Information provided:
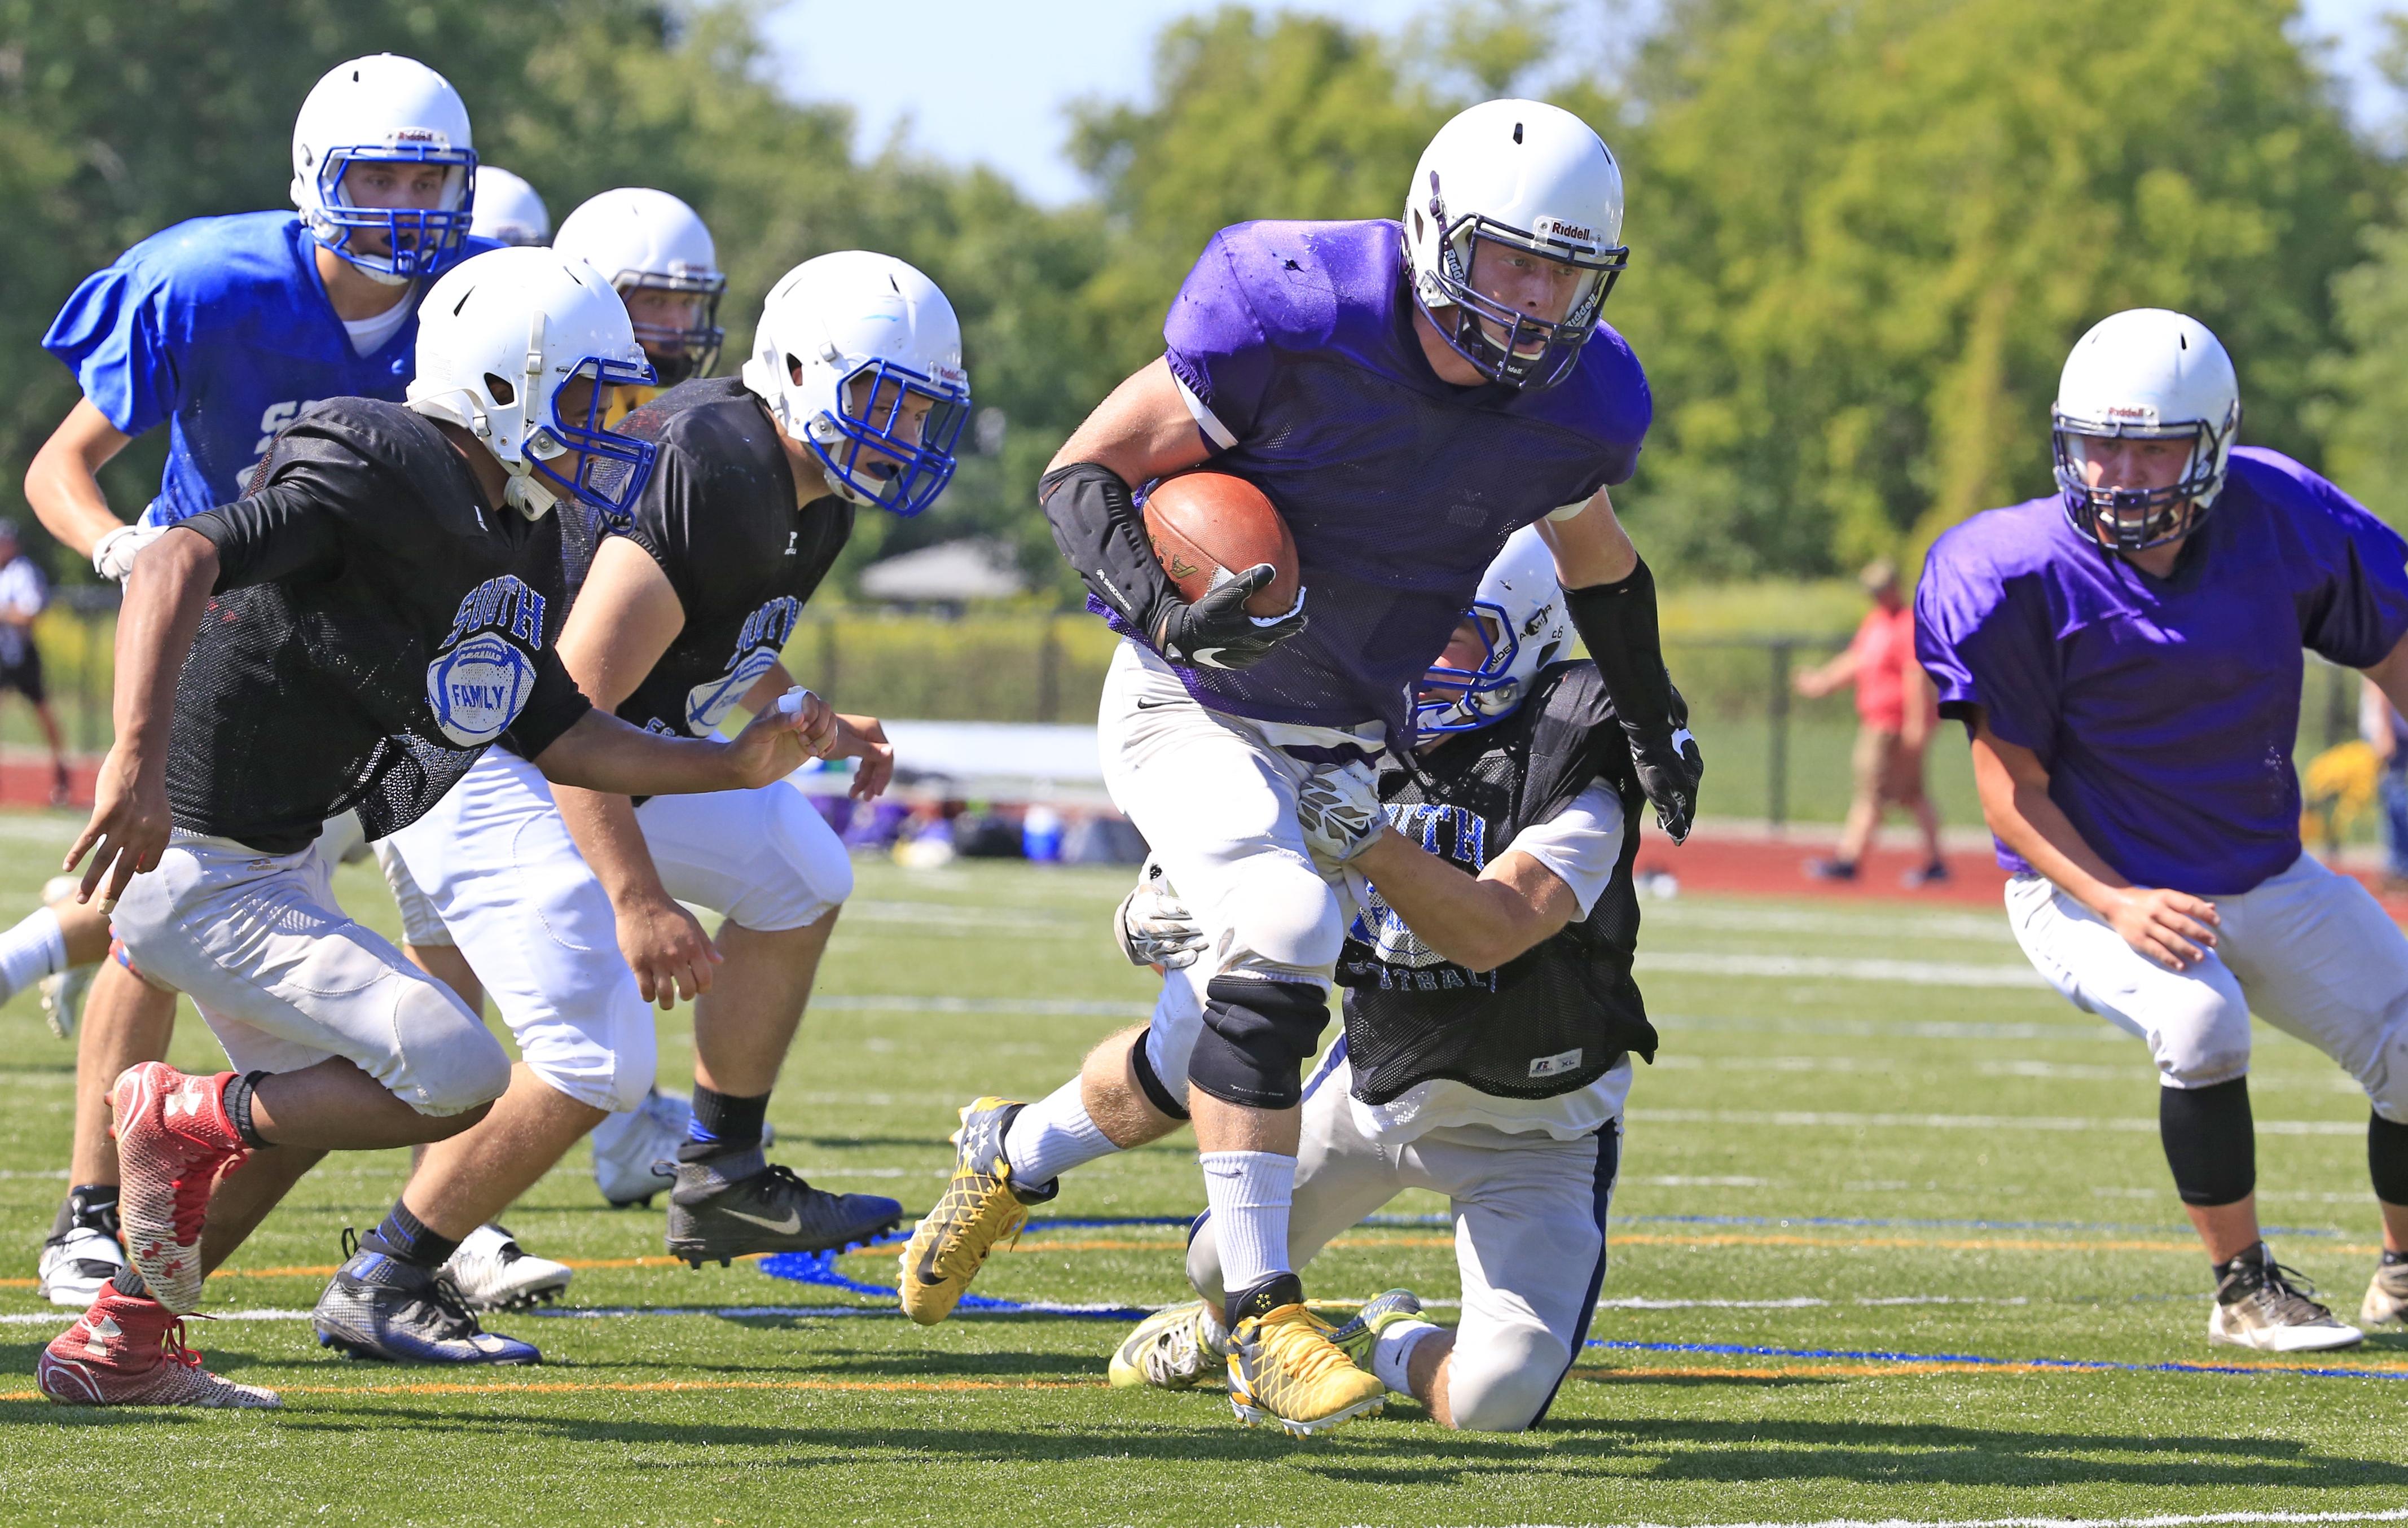 Springville's Ian Baker broke the school record for career rushing yardage. (Harry Scull Jr./Buffalo News)
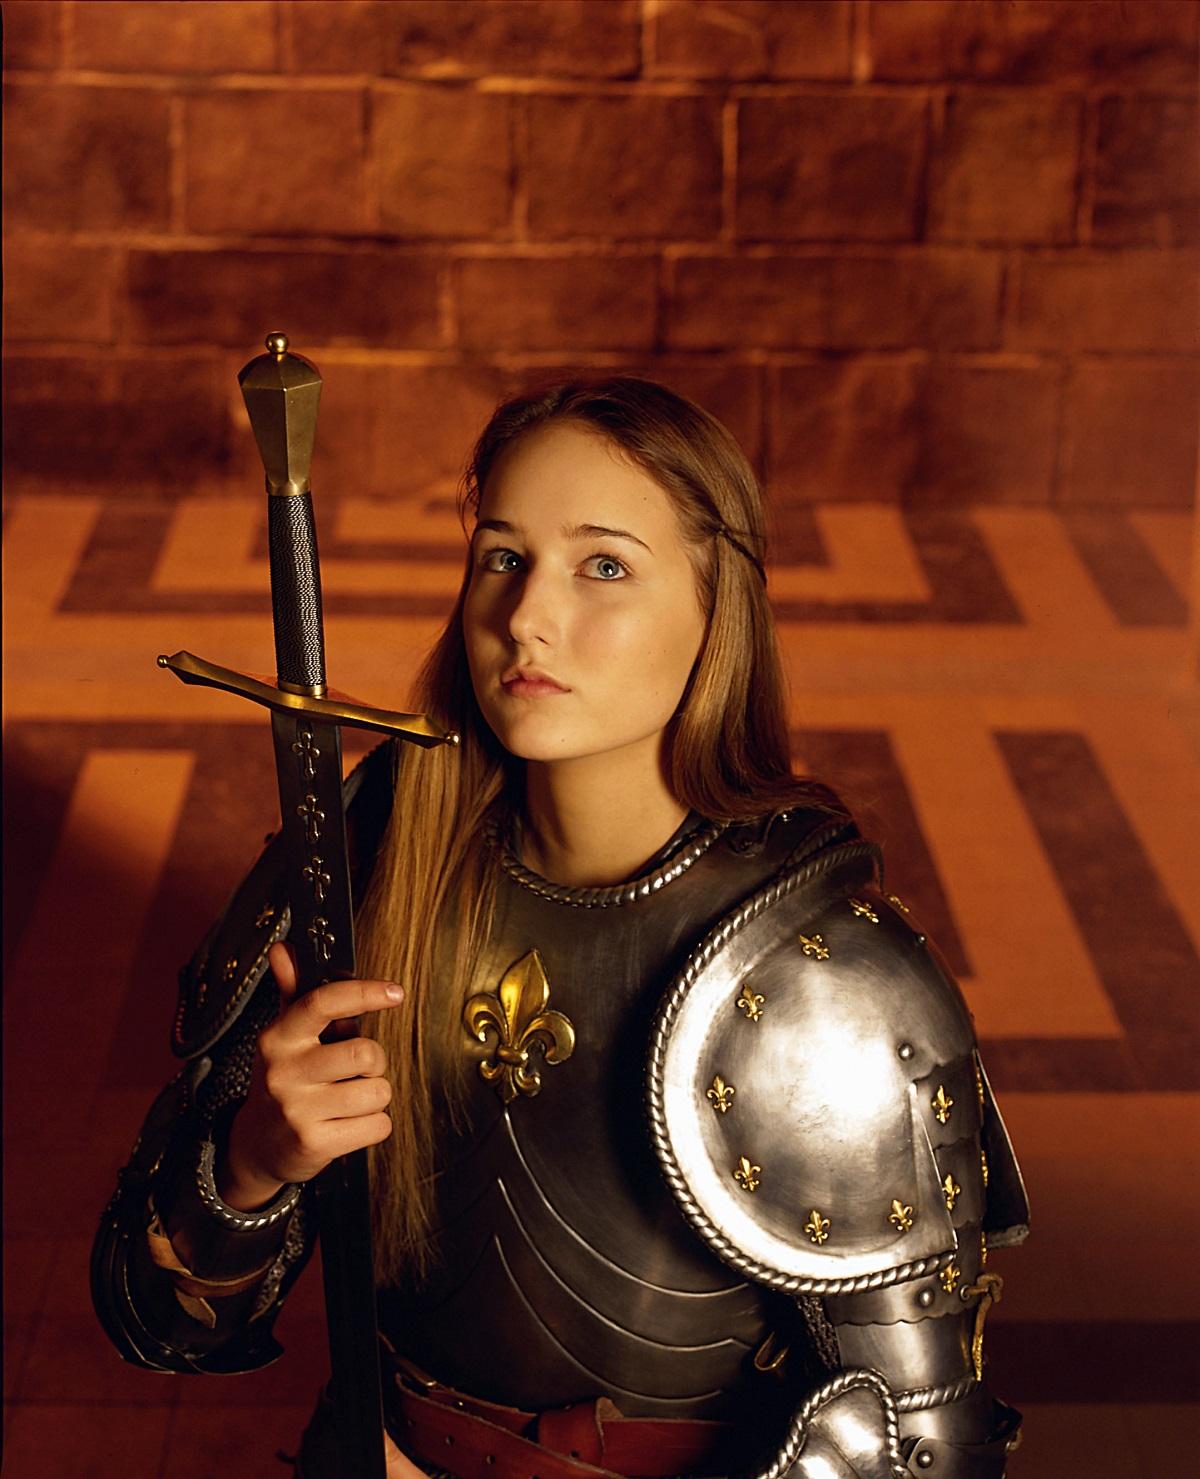 Leelee Sobieski in 'Joan of Arc' in 1999
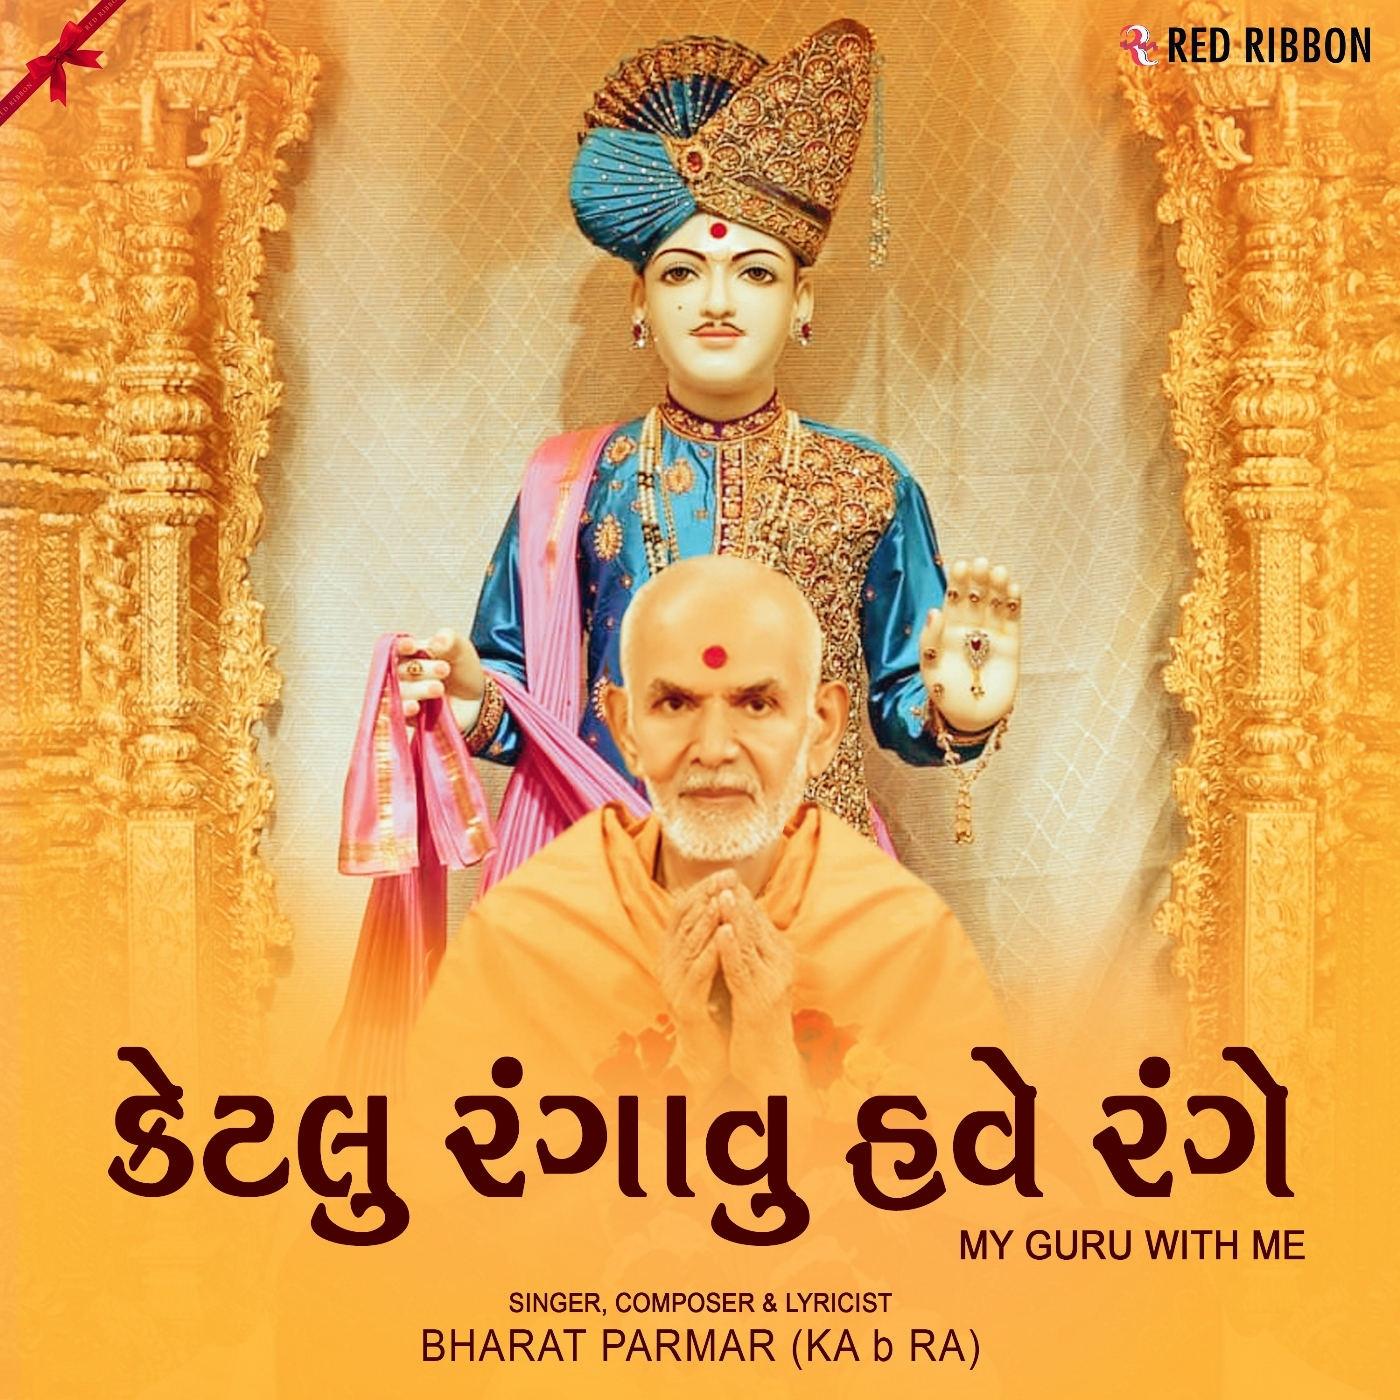 Ketlu Rangavu Have Range (My Guru With Me) songs

Assignment: Take the line containing "Leelee Sobieski in 'Joan of Arc' in 1999" through the last line of the material and retype exactly those lines, both ends included, with no pictures.

Answer space:
 Leelee Sobieski in 'Joan of Arc' in 1999
 Ketlu Rangavu Have Range (My Guru With Me) songs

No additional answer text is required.